Points can be transferred to the loyalty programs of Air Canada, Air New Zealand, EVA, Singapore Airlines, South African Airways, Thai Airways, or United Airlines. The transfer process incurs a toll of 20% from the points; 1,000 Star Points transferred would lead to 800 points in the partner program.
The math is not overly complicated, but the changing numbers comes off as more challenging than it likely needs to be. The 0.8x multiplier used – while almost certainly tied to HSBC’s costs to make the transfers and what the company can recognize in revenue from the spend transactions – feels like an insult to users who have saved the points are are now finally ready to use them, only to immediately be hit with a reduction in the balance.
Individual programs could offer promotional bonuses to encourage transfers at a higher rate, but that would be on the airline loyalty teams to initiate.
As for the other 19 members of Star Alliance, the group’s Director of Loyalty Renato Ramos pointed out that redemptions remain available through the seven transfer partners. He also noted that the seven airlines participating directly represent 92% of the traffic carried by Star Alliance to and from Australia.
Solving the status-lite co-brand conundrum
Typically a co-branded credit card offers status-lite options to consumers.

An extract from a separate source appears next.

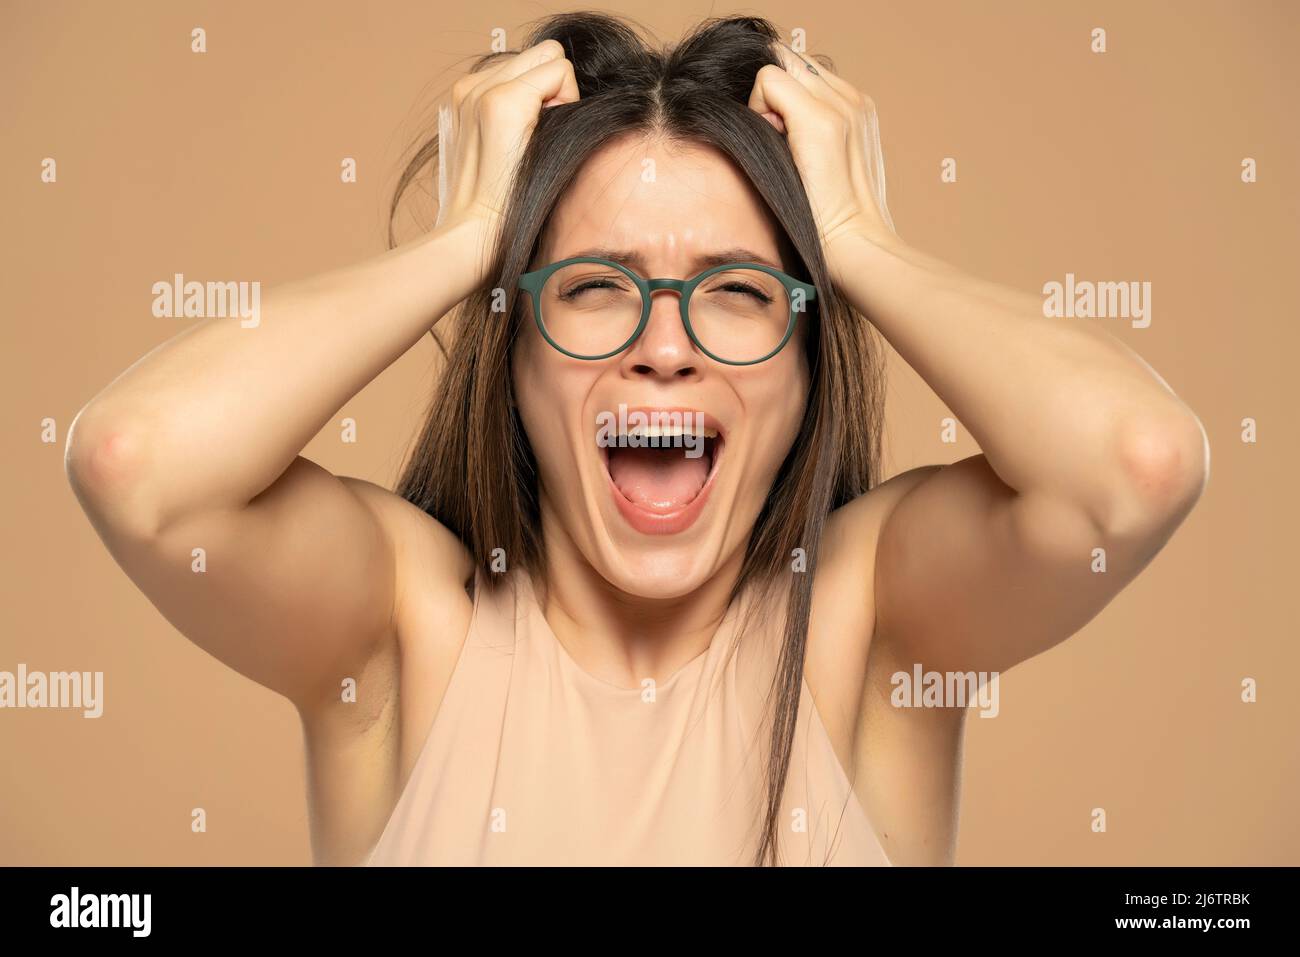 Nahaufnahme Porträt gestresst frustriert Frau mit Brille schreiend isoliert auf beigem Hintergrund. Negative menschliche Emotion Gesichtsexpression Reaktion atti Stockfoto

That could be in the form of waived fees (e.g. checked bags, priority boarding), lounge access, award pricing discounts, or increased access to award inventory. The cards can also deliver add-on benefits for those who already hold status. Delivering those benefits via a card not tied directly to a program could be more challenging. To solve that challenge, Star Alliance chose to tie those benefits to a spending threshold, and grant status in the partner programs directly.
Ramos is especially keen on this benefit of the card, stating that “Status is the real hero here,” during a media briefing. He also noted that earning status solely on credit card spend is not something previously offered. Even with the premium United Airlines cards, for example, a minimum number of segments flown is required.
New cardholders receive a fast track to elite status with any of the partners. A$4,000 spend will get the equivalent Star Alliance Gold tier in the program for the first year. In the following years members must spend A$60,000 to keep the Gold status. At A$30,000 spend holders will earn Silver status in the partner program.
A bigger future for Star Alliance in Australia
Australia is, for now, the only market where this offer is being rolled out. Ramos does not believe the alliance will seek other markets in the near future. And he especially emphasized that the group would not seek to launch the product in a market where an existing alliance member is based.
This means that Star Alliance will not seek to add an airline member in Australia anytime soon. Virgin Australia would be the only truly viable candidate at this point. And Ramos acknowledged that “Conversations happen every day” around potential new members. But the group are also “happy with the offer we have to the market with 26 partners” and Australia would now seem to shift to the bottom of the priority list.